Experiments conducted in a two-bedroom apartment with four occupants show that Chronos can correctly identify which room a resident is in 94 percent of the time. For the cafe demo, the system was 97 percent accurate in distinguishing in-store customers from out-of-store intruders - meaning it could be used by small businesses to prevent non-customers from stealing their WiFi. (32 percent of Americans have copped to this cyber-crime.)
Chronos locates users by calculating the “time-of-flight” that it takes for data to travel from the user to an access point. The system is 20 times more accurate than existing systems, computing time-of-flight with an average error of 0.47 nanoseconds, or half than one-billionth of a second.
Existing localization methods have required four or five WiFi access points. This is because today’s WiFi devices don’t have wide enough bandwidth to measure time-of-flight, and so researchers have only been able to determine someone’s position by triangulating multiple angles relative to the person.
What Chronos adds is the ability to calculate not just the angle, but the actual distance from a user to an access point, as determined by multiplying the time-of-flight by the speed of light.

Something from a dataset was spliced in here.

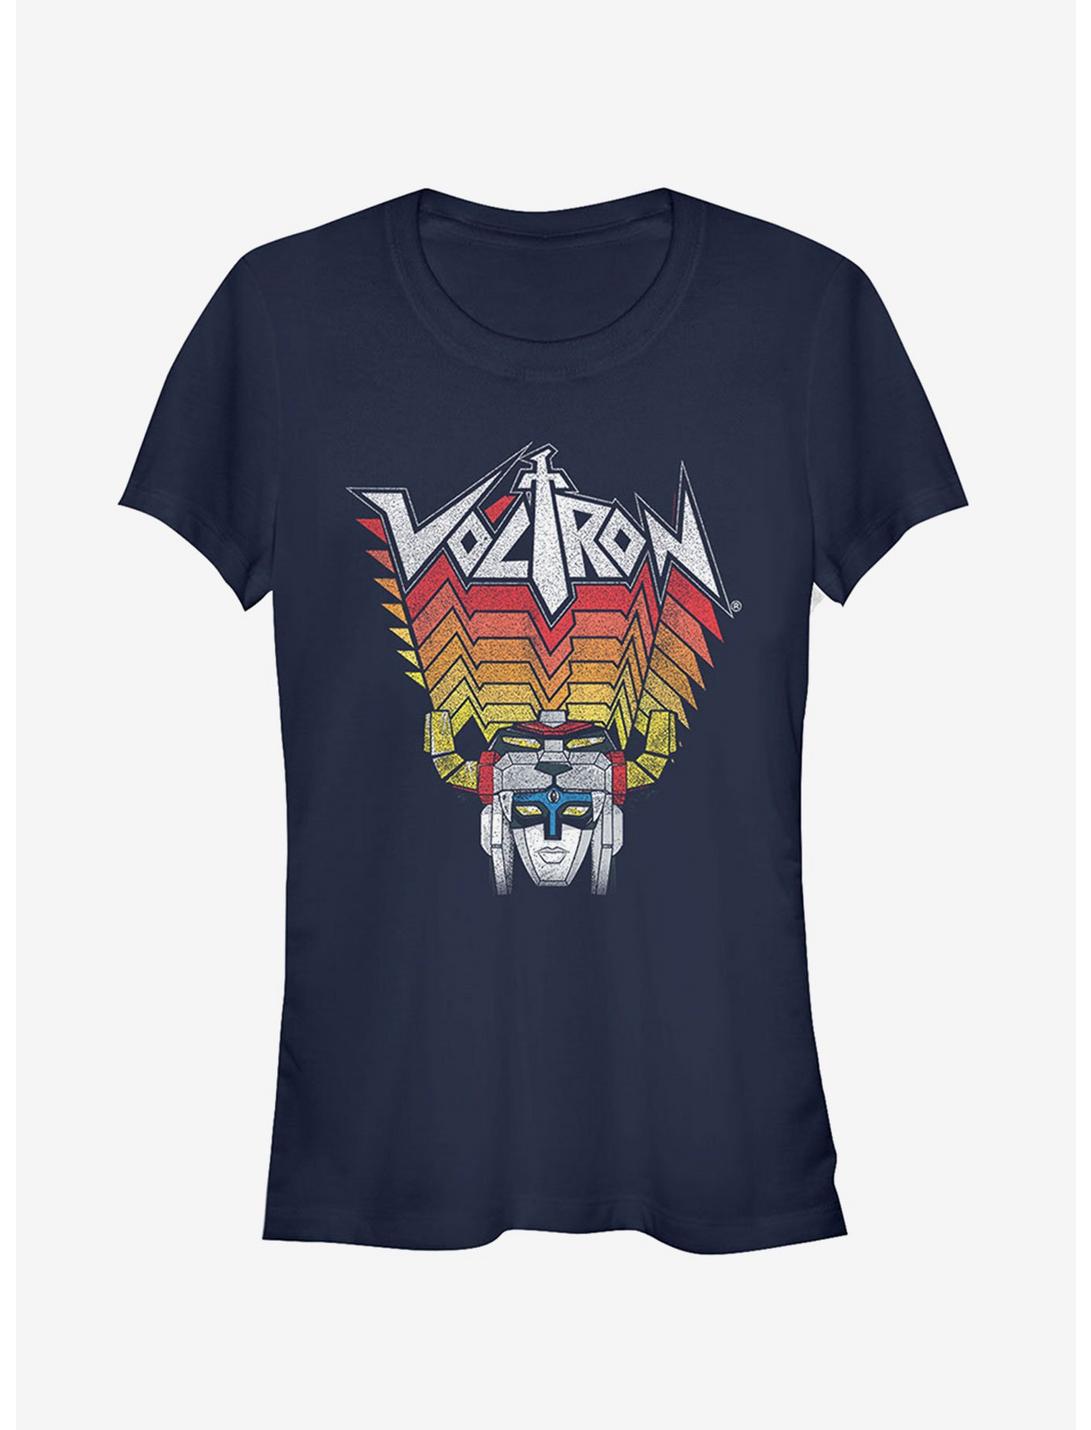 Voltron Robot Stripes Girls T-Shirt, NAVY, hi-res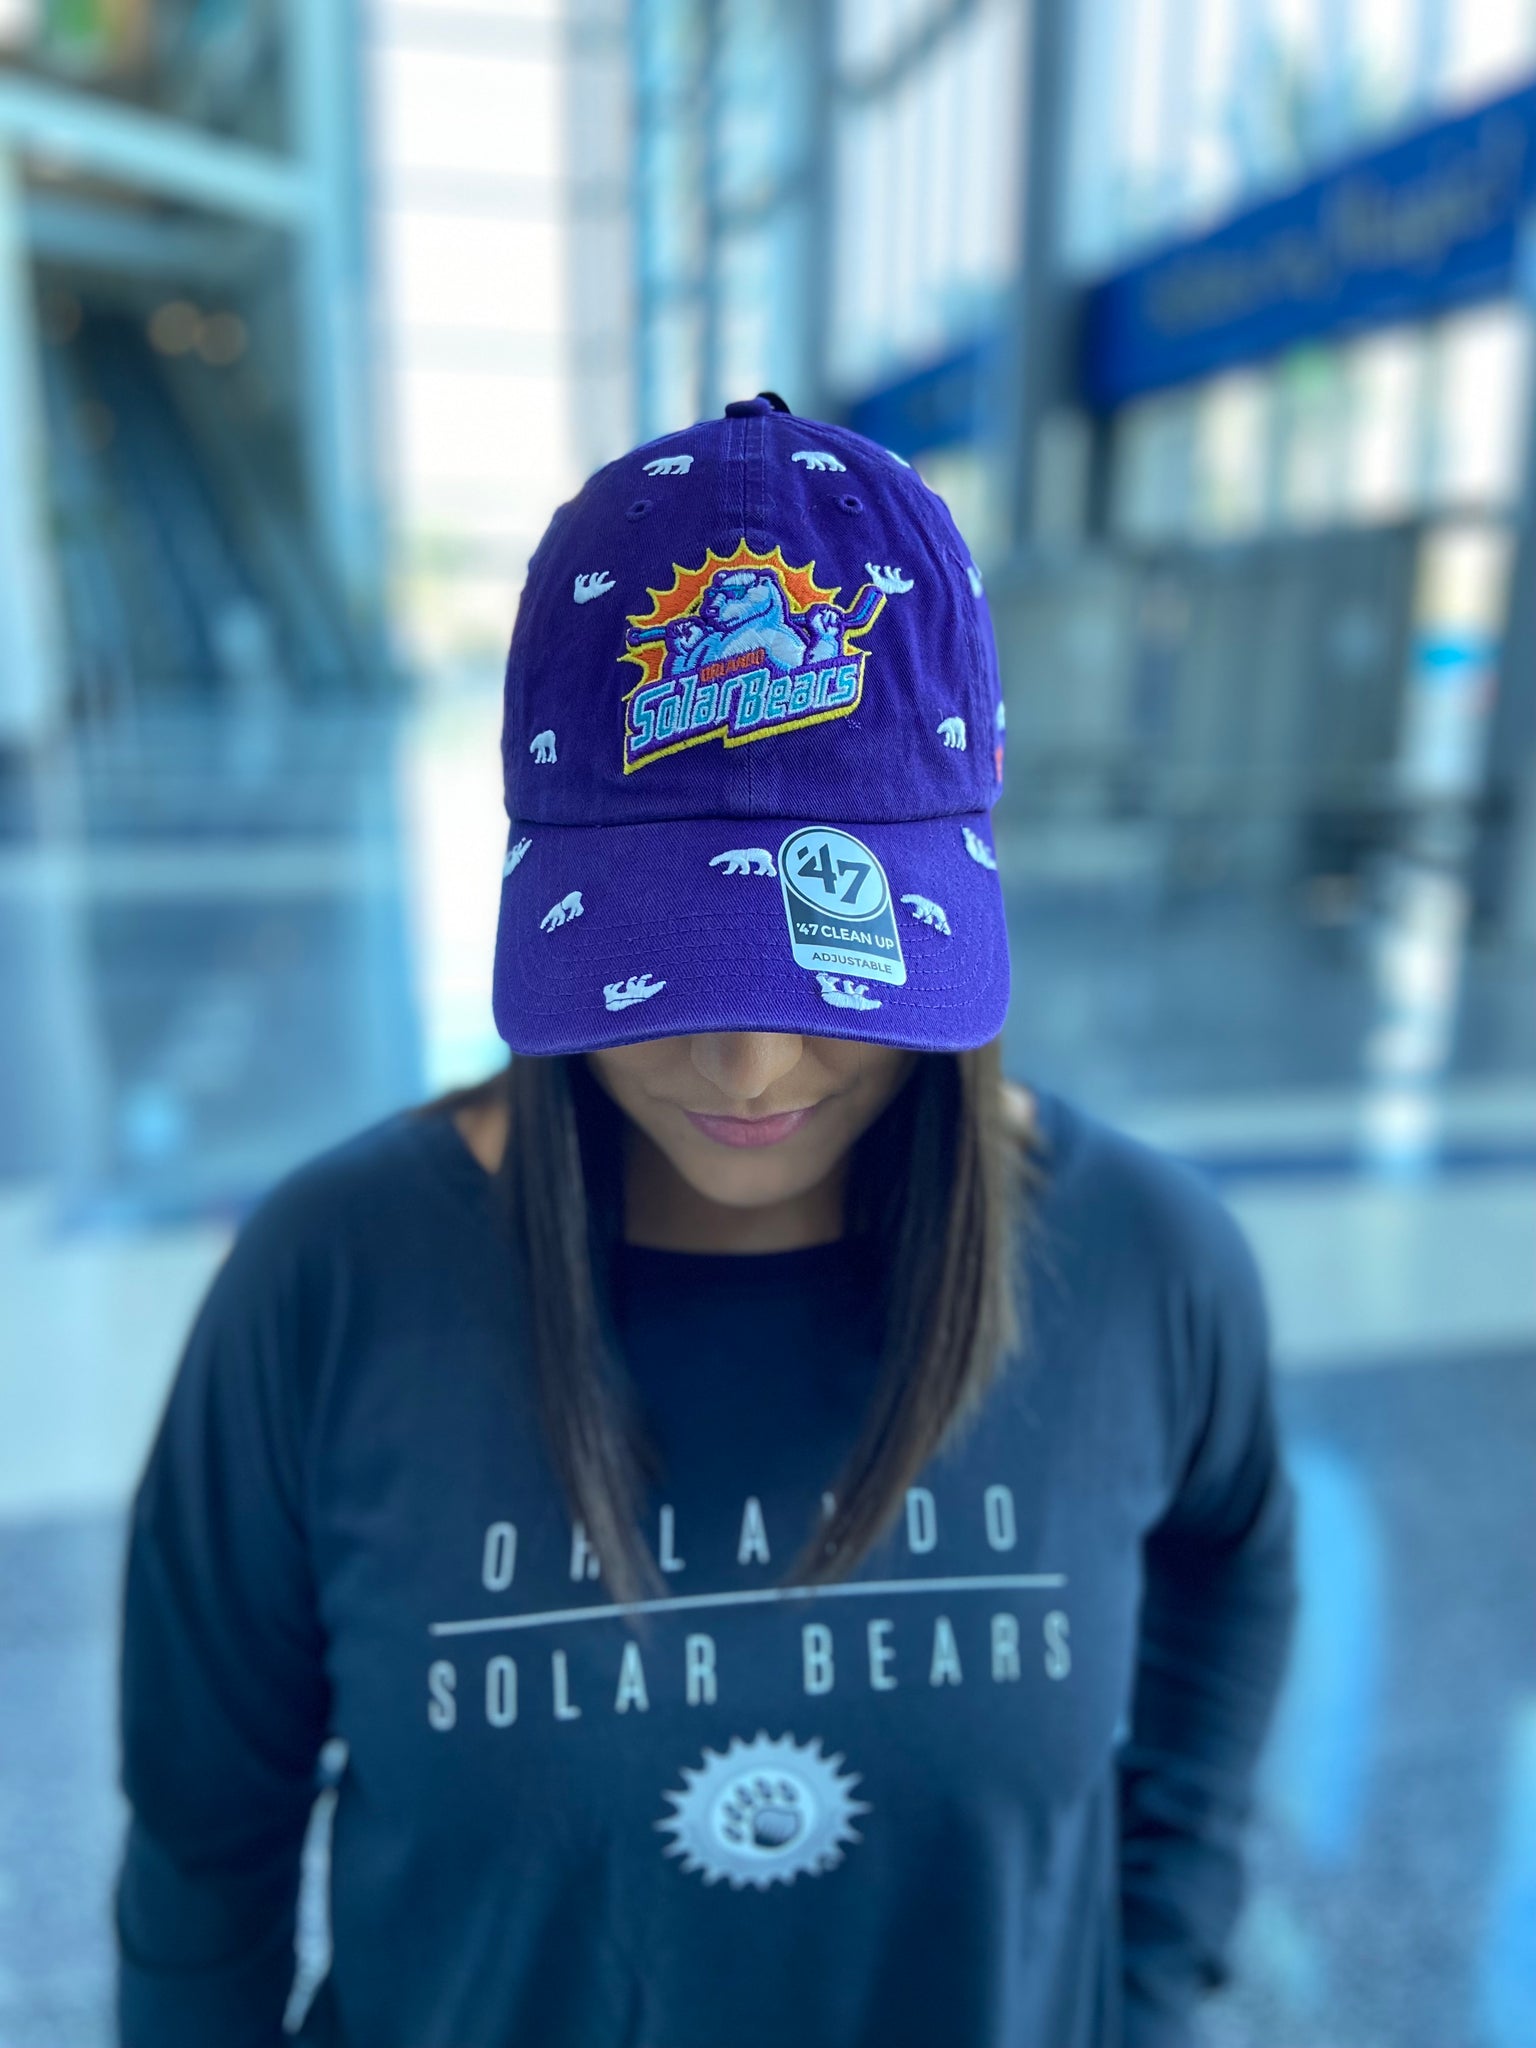 Orlando Solar Bears ECHL adjustable hat | SidelineSwap

Wi-Fi lets you hop on different frequency channels, the team programmed the system to jump from channel to channel, gathering many different measurements of the distance between access points and the user. Chronos then automatically “stitches” together these measurements to determine the distance.
Chronos technogoy rapidly hop across these channels that span almost one gigahertz of bandwidth, Chronos can measure time-of-flight with sub-nanosecond accuracy, emulating with commercial WiFi what has previously needed an expensive hardware.
The success of Chronos suggests that WiFi-based positioning could help for other situations where there are limited or inaccessible sensors, like finding lost devices or controlling large fleets of drones.